The Locket: Thank You, Eddy

When I was deep into wrestling for the second time in my life–during the height of the WCW/WWF Monday Night Wars–and also during the internet boom that changed the face of wretling forever–I was asked repeatedly who my favorite wrestlers were. There was The Rock, of course–the best talker I’ve ever seen. There was Austin–a character unlike anyone before or after. There were flyers like Mysterio, wrestlers like Benoit, brawlers like Raven and Dreamer in ECDub. There were guys I respected for those specific, individual things they did better than anyone else. It was hard to pick just one guy who stood out–most of the time, my favorite wrestler depended on what I was looking for that day.

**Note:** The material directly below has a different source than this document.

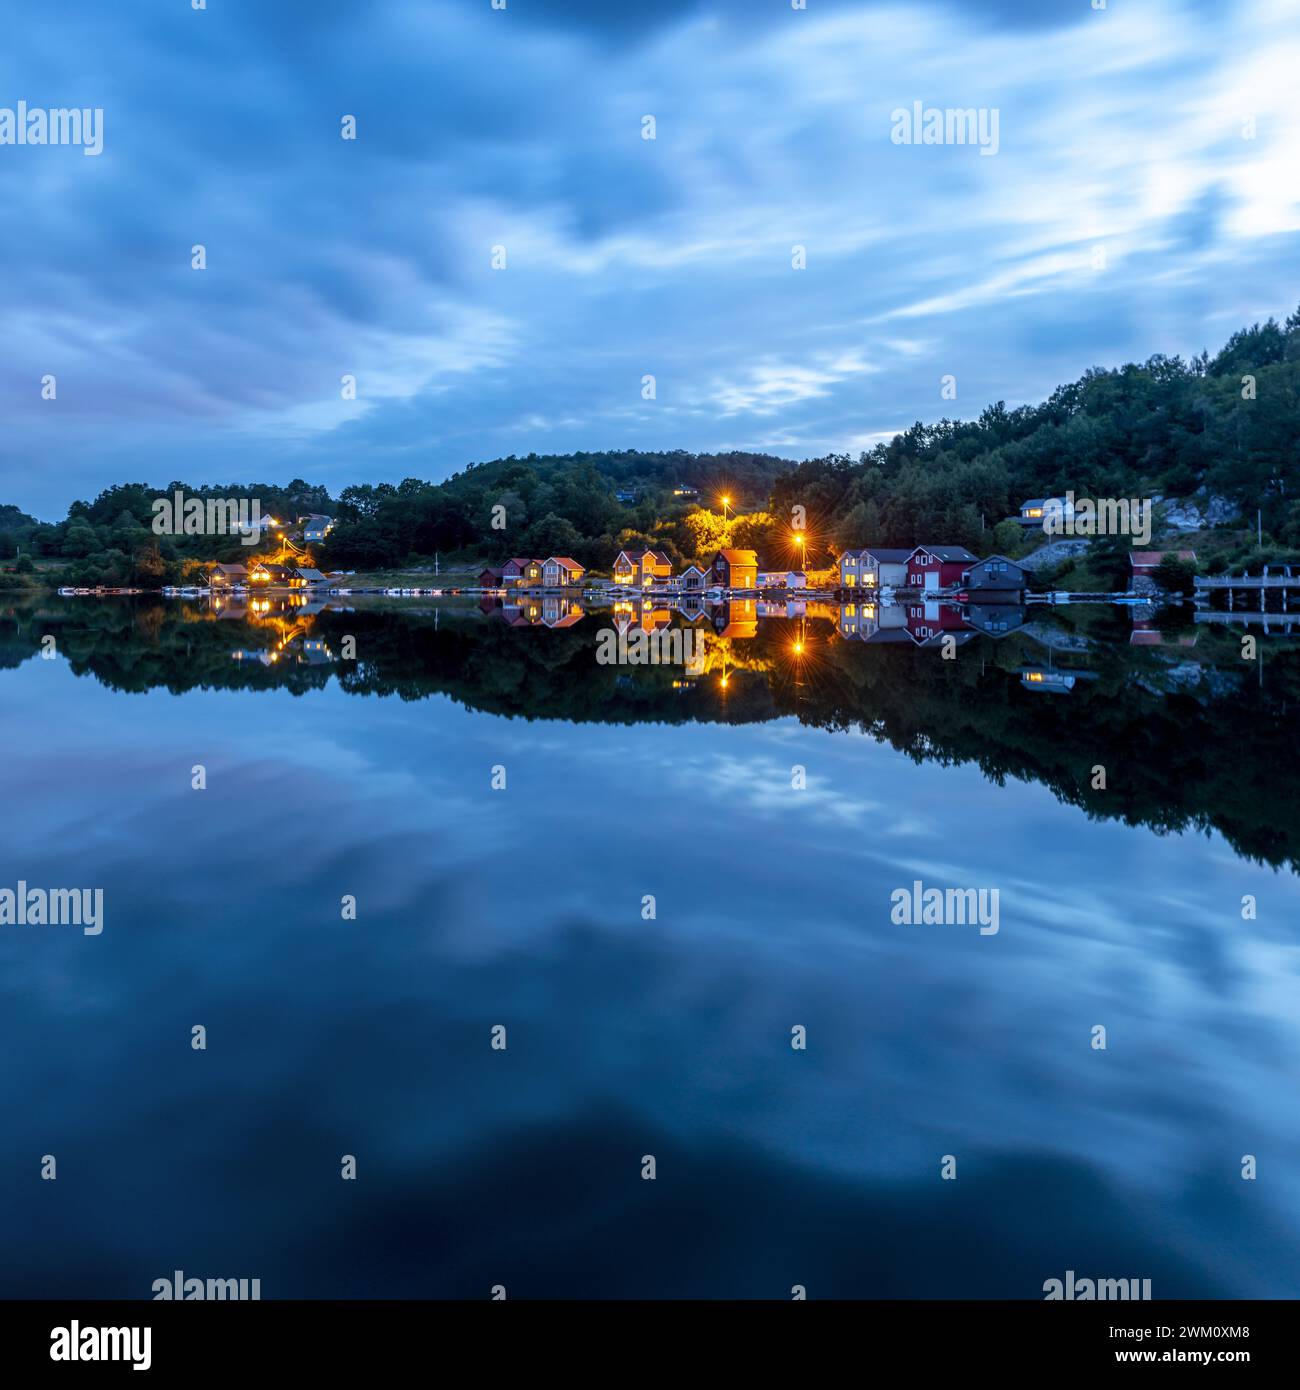 Am Abend spiegeln sich die Lichter der Uferentwicklung in einem spiegelglatten See unter einem blauen, spektakulär bewölkten Himmel. Stockfoto

Eddy was pretty much always included in my answer.

Eddy was a guy who could do everything. He wrestled like Benoit, flew like Rey, could get down and brawl if he needed to. He made the most of his limited mic time in WCW, almost singlehandedly doing the talking for the Lucha Libre-based cruisers that made the WCW undercard light years ahead of anything the WWF could throw together. Eddy was pure charisma and pure dedication–dude lived to entertain folks in that ring. When he went on to become a World Champion later, it was, as corny as it sounds, an affirmation: if you love your job–nah, f*ck that: if you love WHAT YOU DO–and you do it right, it’ll guide you, it’ll help you overcome your struggles and your faults, and you will be rewarded.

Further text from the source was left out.